Population Health Sciences Institute, Faculty of Medical Sciences, Newcastle University, Newcastle upon Tyne, UK
Population Health Sciences Institute, Faculty of Medical Sciences, Newcastle University, Newcastle upon Tyne, UK.
BMJ Open. 2022 Aug 10;12(8):e058658. doi: 10.1136/bmjopen-2021-058658.
To examine how ecological inequalities in COVID-19 mortality rates evolved in England, and whether the first national lockdown impacted them. This analysis aimed to provide evidence for important lessons to inform public health planning to reduce inequalities in any future pandemics.
Longitudinal ecological study.
307 lower-tier local authorities in England.
Age-standardised COVID-19 mortality rates by local authority, regressed on Index of Multiple Deprivation (IMD) and relevant epidemic dynamics.
Local authorities that started recording COVID-19 deaths earlier were more deprived, and more deprived authorities saw faster increases in their death rates. By 6 April 2020 (week 15, the earliest time that the 23 March lockdown could have begun affecting death rates) the cumulative death rate in local authorities in the two most deprived deciles of IMD was 54% higher than the rate in the two least deprived deciles. By 4 July 2020 (week 27), this gap had narrowed to 29%. Thus, inequalities in mortality rates by decile of deprivation persisted throughout the first wave, but reduced during the lockdown.

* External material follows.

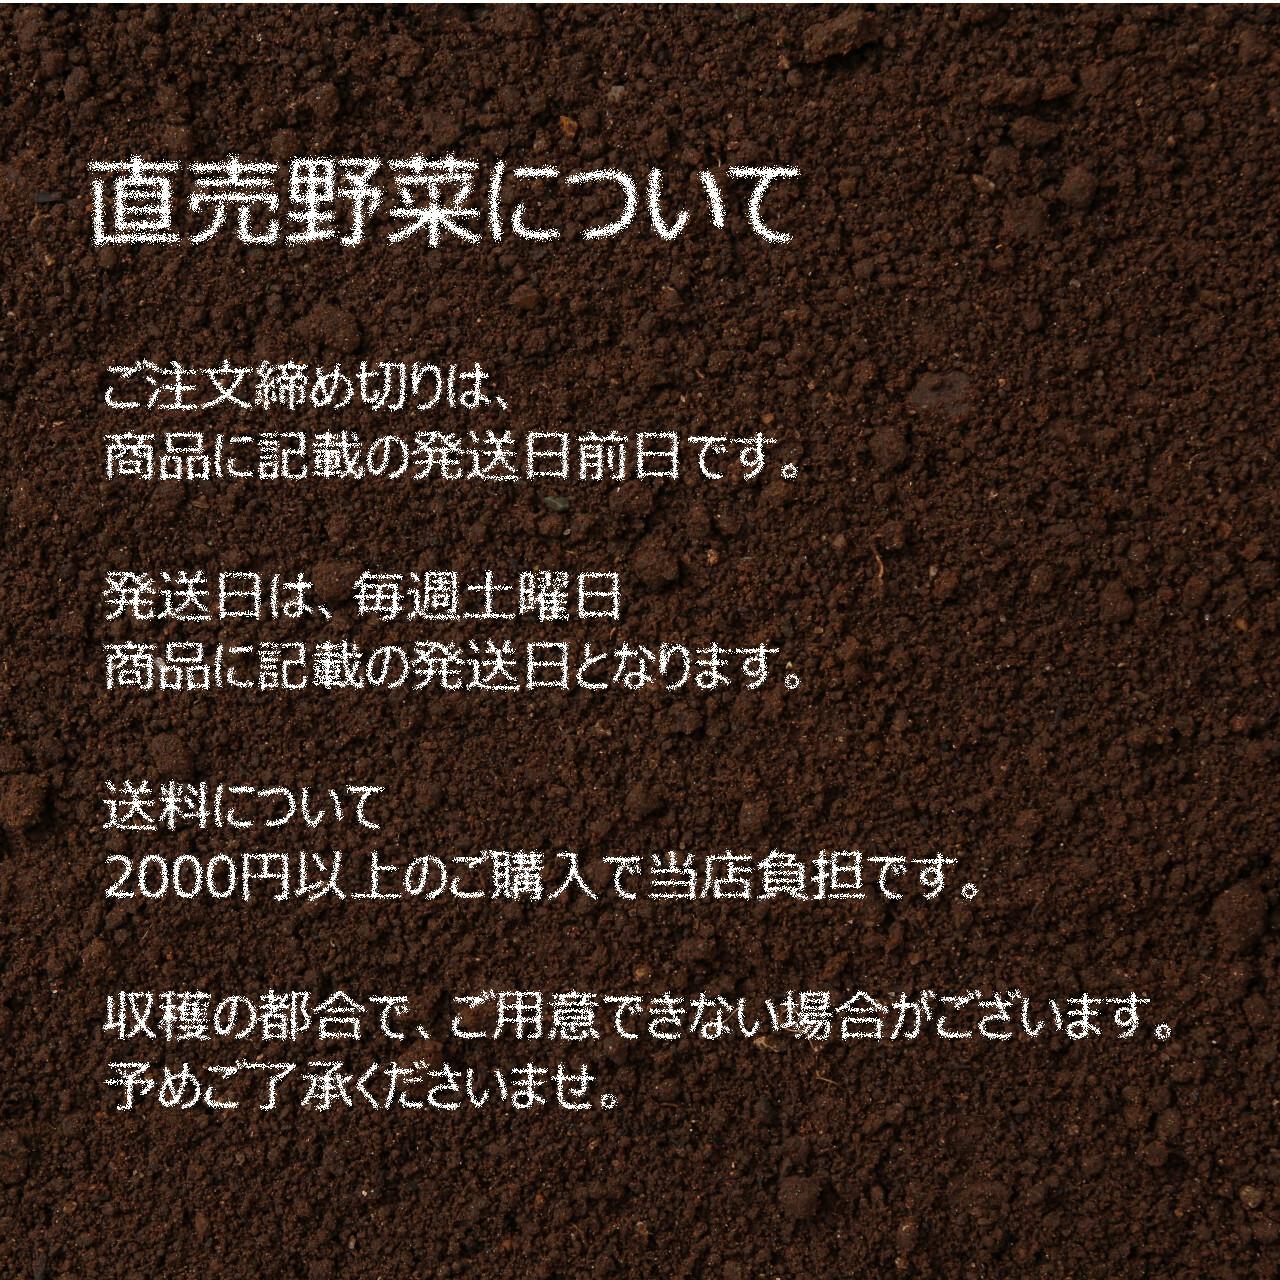 スナップエンドウ 約300g : 6月の朝採り直売野菜  春の新鮮野菜 6月13日発送予定

This study found significant differences in the dynamics of COVID-19 mortality at the local authority level, resulting in inequalities in cumulative mortality rates during the first wave of the pandemic. The first lockdown in England was fairly strict-and the study found that it particularly benefited those living in more deprived local authorities. Care should be taken to implement lockdowns early enough, in the right places-and at a sufficiently strict level-to maximally benefit all communities, and reduce inequalities.
研究英格兰 COVID-19 死亡率的生态不平等现象是如何演变的,以及第一次全国封锁是否对其产生了影响。本分析旨在为提供重要经验教训提供证据,以指导公共卫生规划,减少未来任何大流行中的不平等现象。
纵向生态研究。
英格兰 307 个低级别地方当局。
按地方当局划分的年龄标准化 COVID-19 死亡率,回归到多因素贫困指数(IMD)和相关的疫情动态。
较早开始记录 COVID-19 死亡人数的地方当局越贫困,死亡率增长越快。到 2020 年 4 月 6 日(第 15 周,最早 3 月 23 日的封锁可能开始影响死亡率的时间),在 IMD 最贫困的两个十分位数的地方当局的累积死亡率比最不贫困的两个十分位数高出 54%。到 2020 年 7 月 4 日(第 27 周),这一差距缩小到 29%。因此,在整个第一波疫情期间,按贫困程度十分位数划分的死亡率不平等现象持续存在,但在封锁期间有所减少。
本研究发现 COVID-19 死亡率在地方当局层面存在显著差异,导致大流行第一波期间累积死亡率不平等。英格兰的第一次封锁相当严格,研究发现它特别使那些生活在较贫困地方当局的人受益。应注意在适当的地方及早实施封锁,并且以足够严格的水平进行,以使所有社区受益最大化,并减少不平等现象。